2. You can add the RECOMPILE option to individual statements in the procedure. This means that instead of the entire procedure being compiled on each execution on the statement with the RECOMPILE option will get compiled each time. This may not have the same level of performance ramifications that using RECOMPILE on the procedure definition does.
3. If you have skewed data and know that a query plan built for Z will perform well with Z and horrible for A but know that a plan built for A will perform great with A but only so-so for Z then it might be worth always optimizing for the value the performs the best overall. You may not get the best performance every time the procedure executes but you get the best overall performance. You can do this by putting the OPTIMIZE FOR option at the statement level.

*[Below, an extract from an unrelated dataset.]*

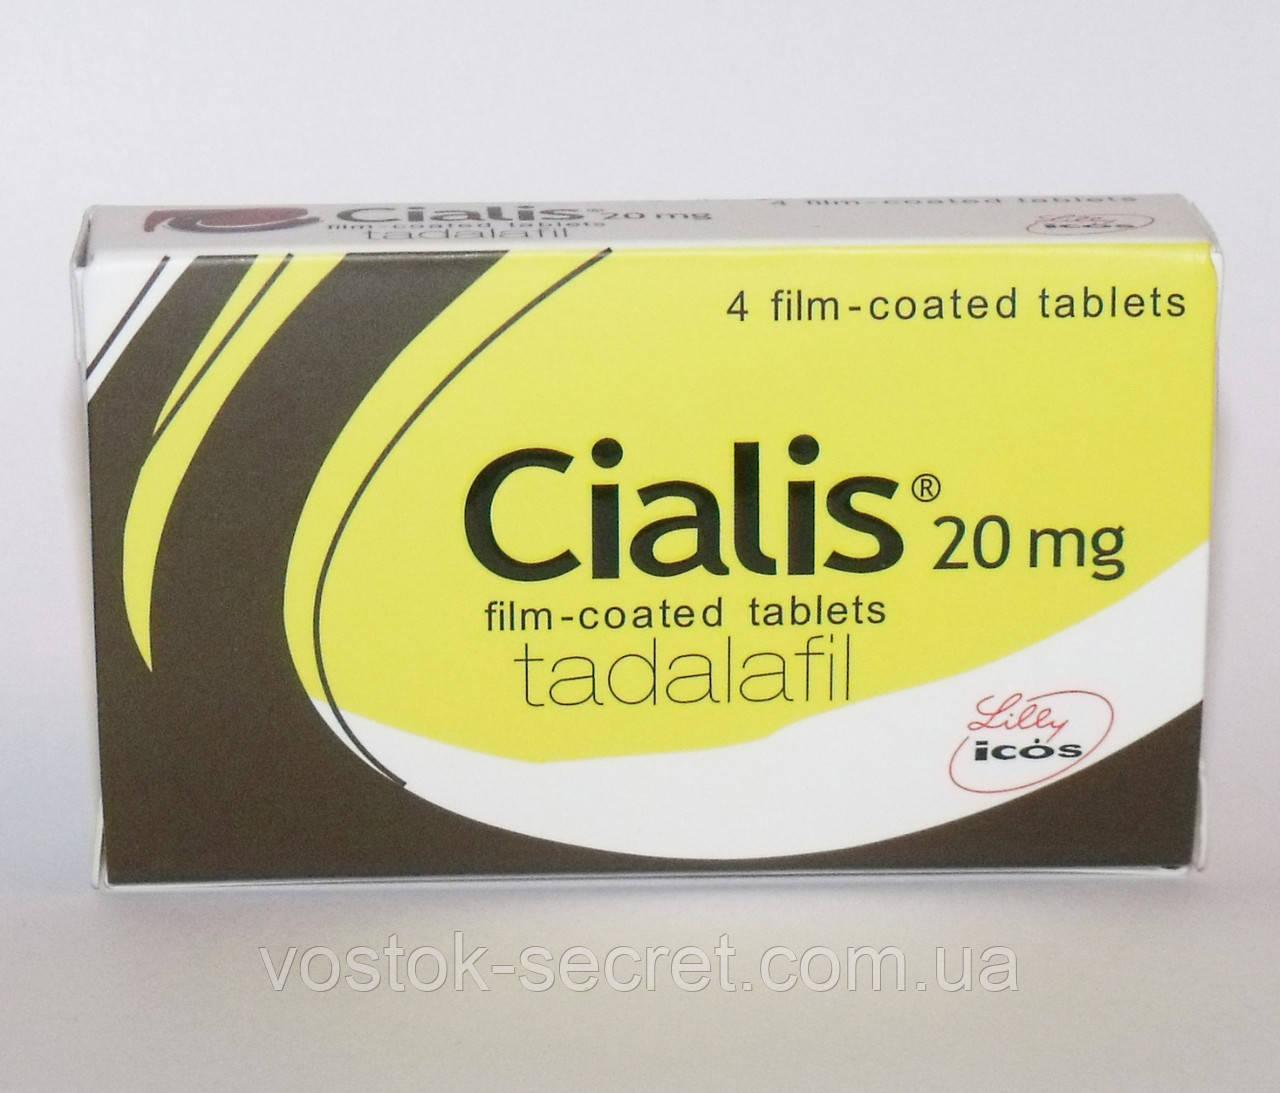 препараты для лечения эректильной дисфункции у мужчин сиалис

4. With the OPTIMIZE FOR option you get another option called OPTIMIZE FOR UNKNOWN. This option doesn’t try to optimize for any specific value but creates a plan utilizing the overall density. If I modify the GetTestData procedure to use the OPTIMIZE FOR UNKNOWN option I will get a plan that looks exactly like the plan created when using the variable in the ad hoc query. In fact, before the OPTMIZE FOR UNKNOWN option was added to the product in order to get this behavior from the optimizer the value of a parameter as assigned to a variable and the variable was used in the SQL statement rather than the parameter. This was often used to circumvent parameter sniffing.

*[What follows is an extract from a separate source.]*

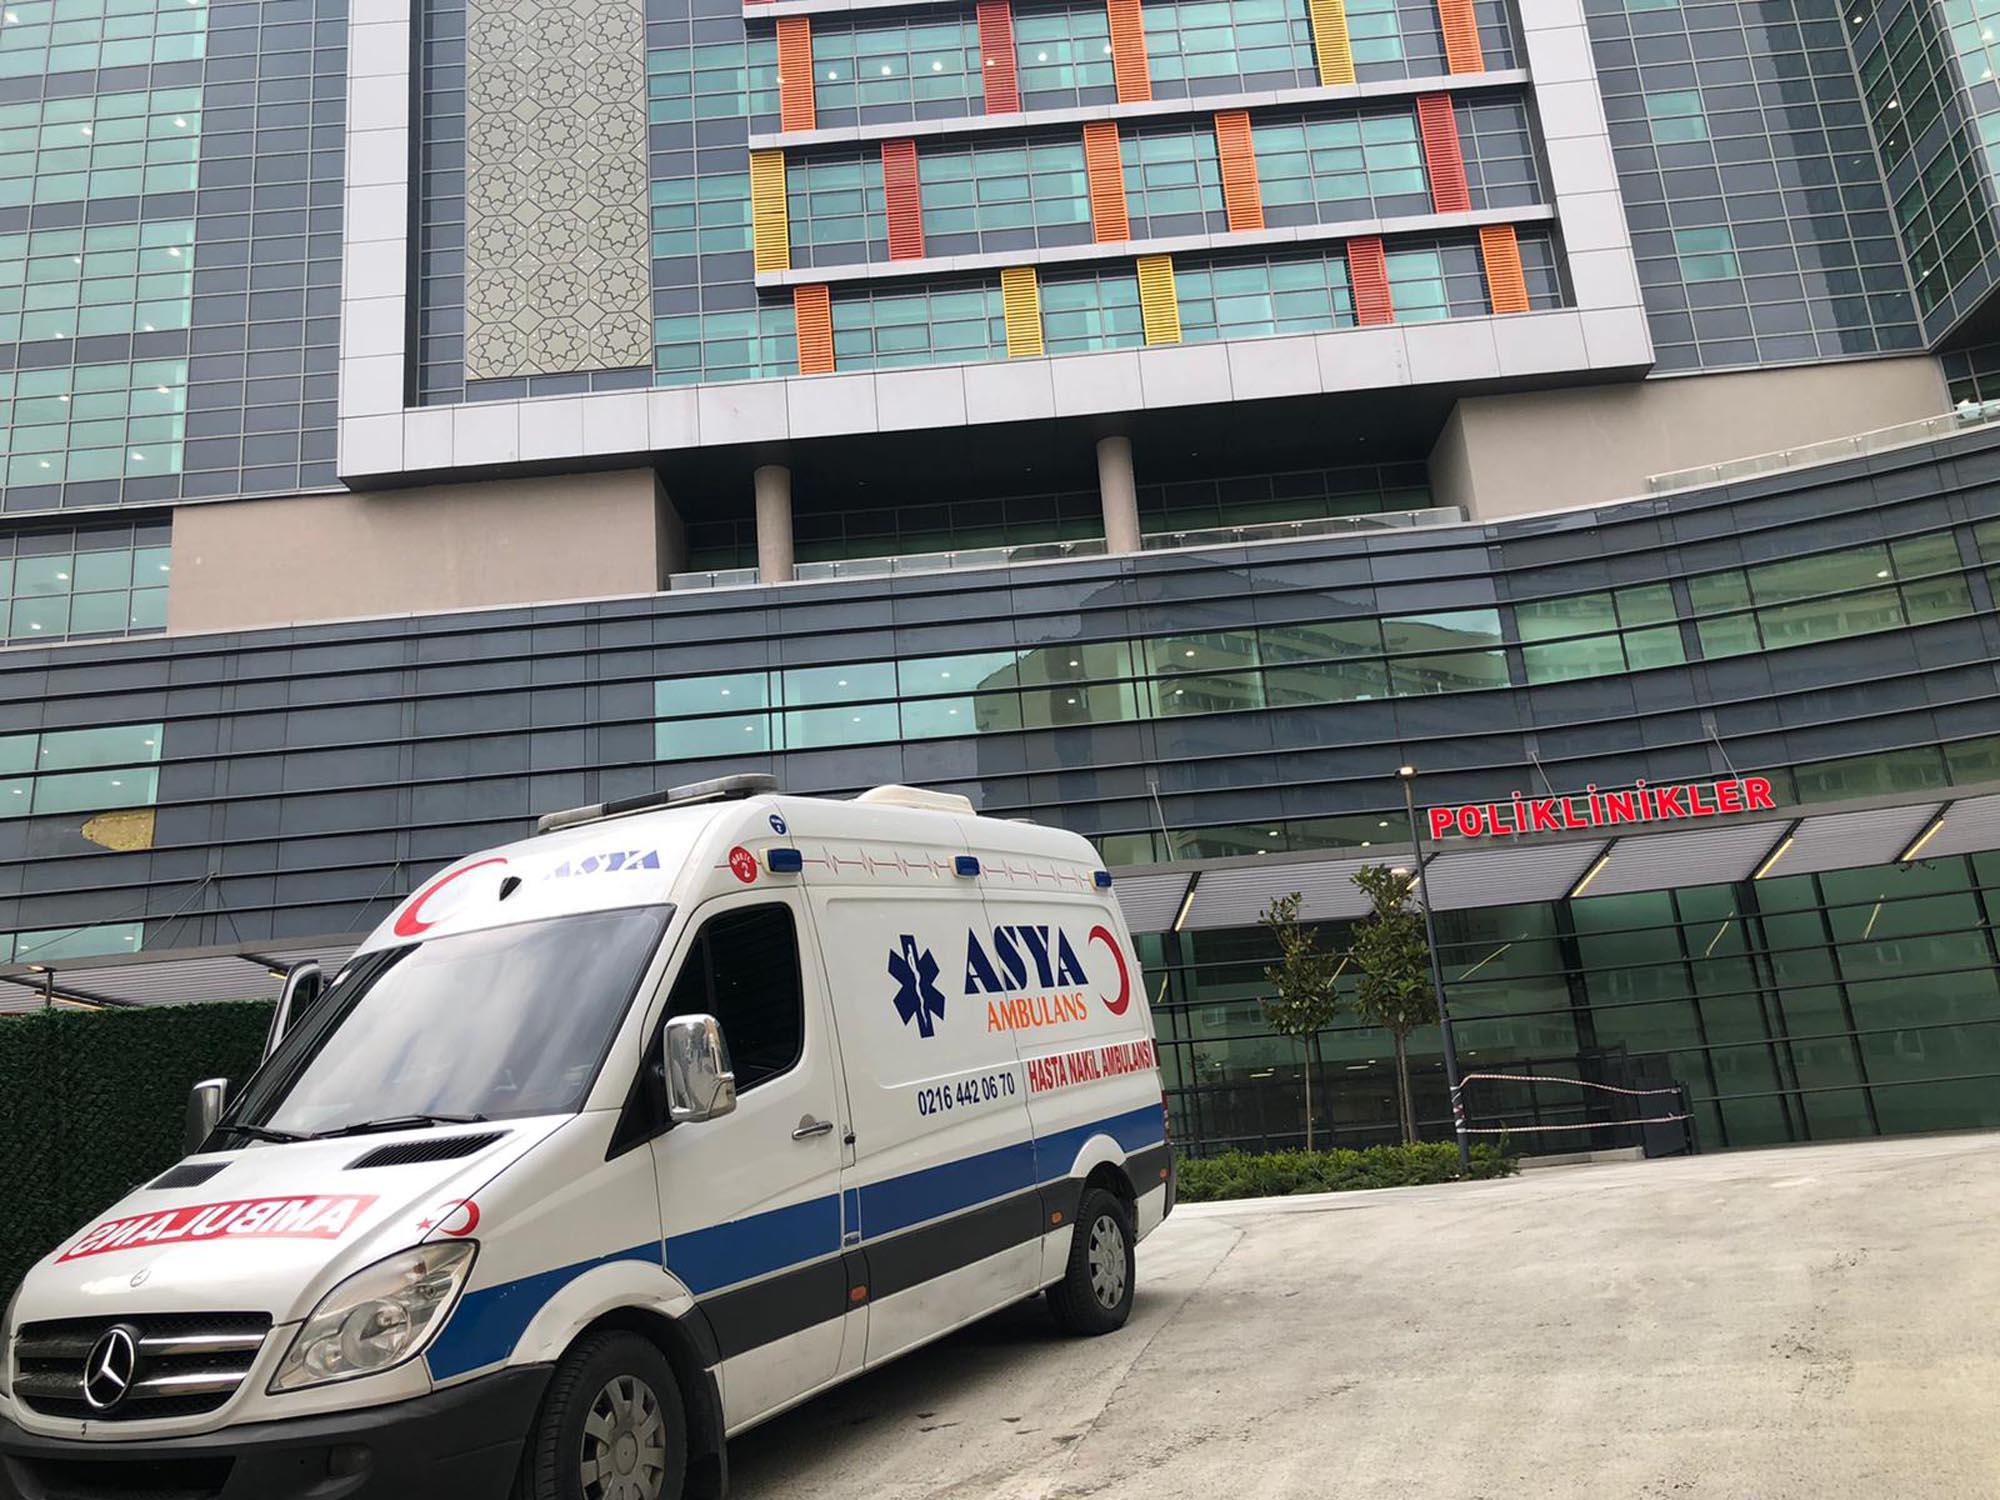 Isparta Özel Ambulans

Sometimes when I’m troubleshooting a stored procedure I will paste the contents into another window and run it ad hoc. I will DECLARE some variables at the start of the ad hoc batch in order to simulate the stored procedure and because they are required by statements in the batch. This can lead to execution plans of statements in the ad hoc batch being different than execution plans of statements in the stored procedure. Depending on where the bottleneck is this can cause some problems with optimizations and the resultant query plans.

The moral of this story is that things aren’t always how they look. Just because a statement has and @value being used doesn’t mean SQL will always treat it the same.